不動産投資において、検討中の企業がどのようなビジネスモデルを展開し、どのようなリスクに対する提案を行っているのかを事前に検証することは非常に重要です。
ブルーアセットパートナーズ株式会社(B.A.P)は、東京都渋谷区に拠点を置き、関東圏の一都三県を中心とした一棟収益不動産の売買・仲介やコンサルティングを展開している企業です。物件の購入からリノベーション、賃貸管理、そして出口戦略(売却)までを一気通貫でサポートする体制を整えています。
本記事では、年間家賃収入2000万円(手取り)を運用する実務家(おおや)の視点から、ブルーアセットパートナーズの基本情報や事業の特徴を整理し、現在の不動産市況を踏まえた「一棟収益投資」の本質的なリスクと検討ポイントを客観的に解説します。
ブルーアセットパートナーズ株式会社の基本情報と特徴
ブルーアセットパートナーズ株式会社は、2011年に創業した不動産会社です。

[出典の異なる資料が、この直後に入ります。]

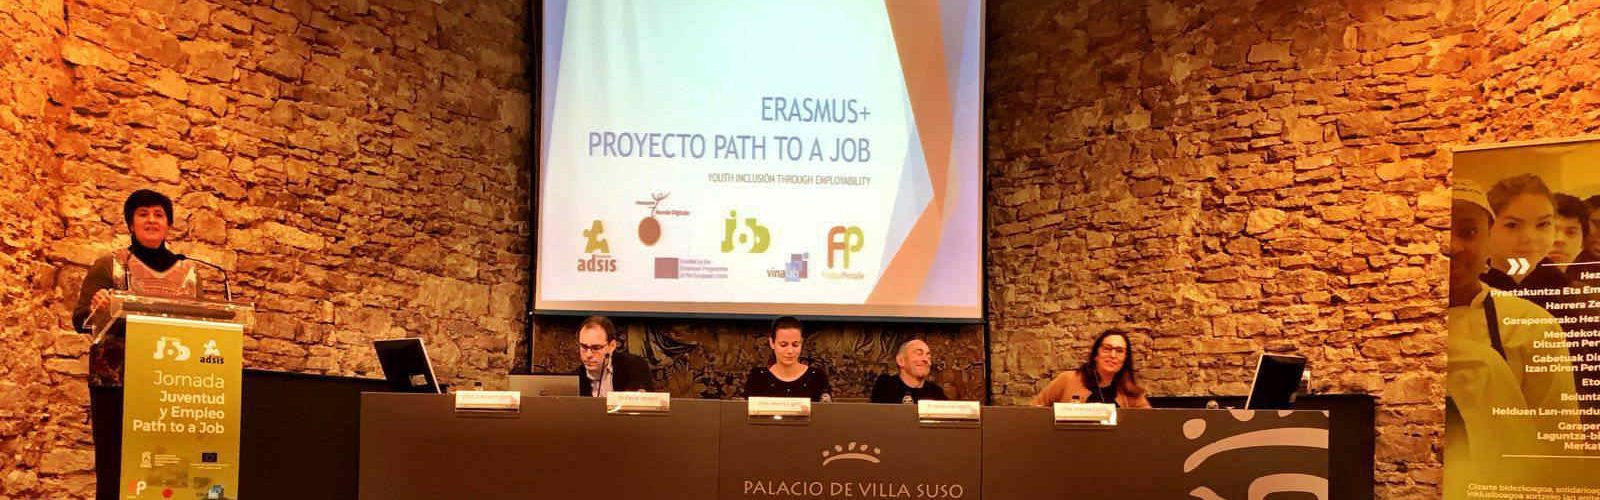 Tancament d’Erasmus +, Path to a Job amb l’Ajuntament de Vinaròs

一棟収益不動産の専門企業として、価格帯3000万円〜5億円程度のアパートやマンションをメインに取り扱っています。
1. 「売却益(キャピタルゲイン)」を見据えた不動産投資の提案
同社は、代表自身が複数の物件を所有する現役の不動産投資家であり、「売却益を得られてこその不動産投資」という明確な方針を掲げています。
目先の利回りやキャッシュフローだけでなく、将来的な資産価値の維持・向上を見据えた物件選定を行い、リノベーション等によるバリューアップを含めた出口戦略を前提とした提案を行っている点が特徴です。
2. 専門家と連携した法人化・融資サポート
不動産投資の規模を拡大するにあたり、顧客の状況に応じた融資戦略や税務対策を重視しています。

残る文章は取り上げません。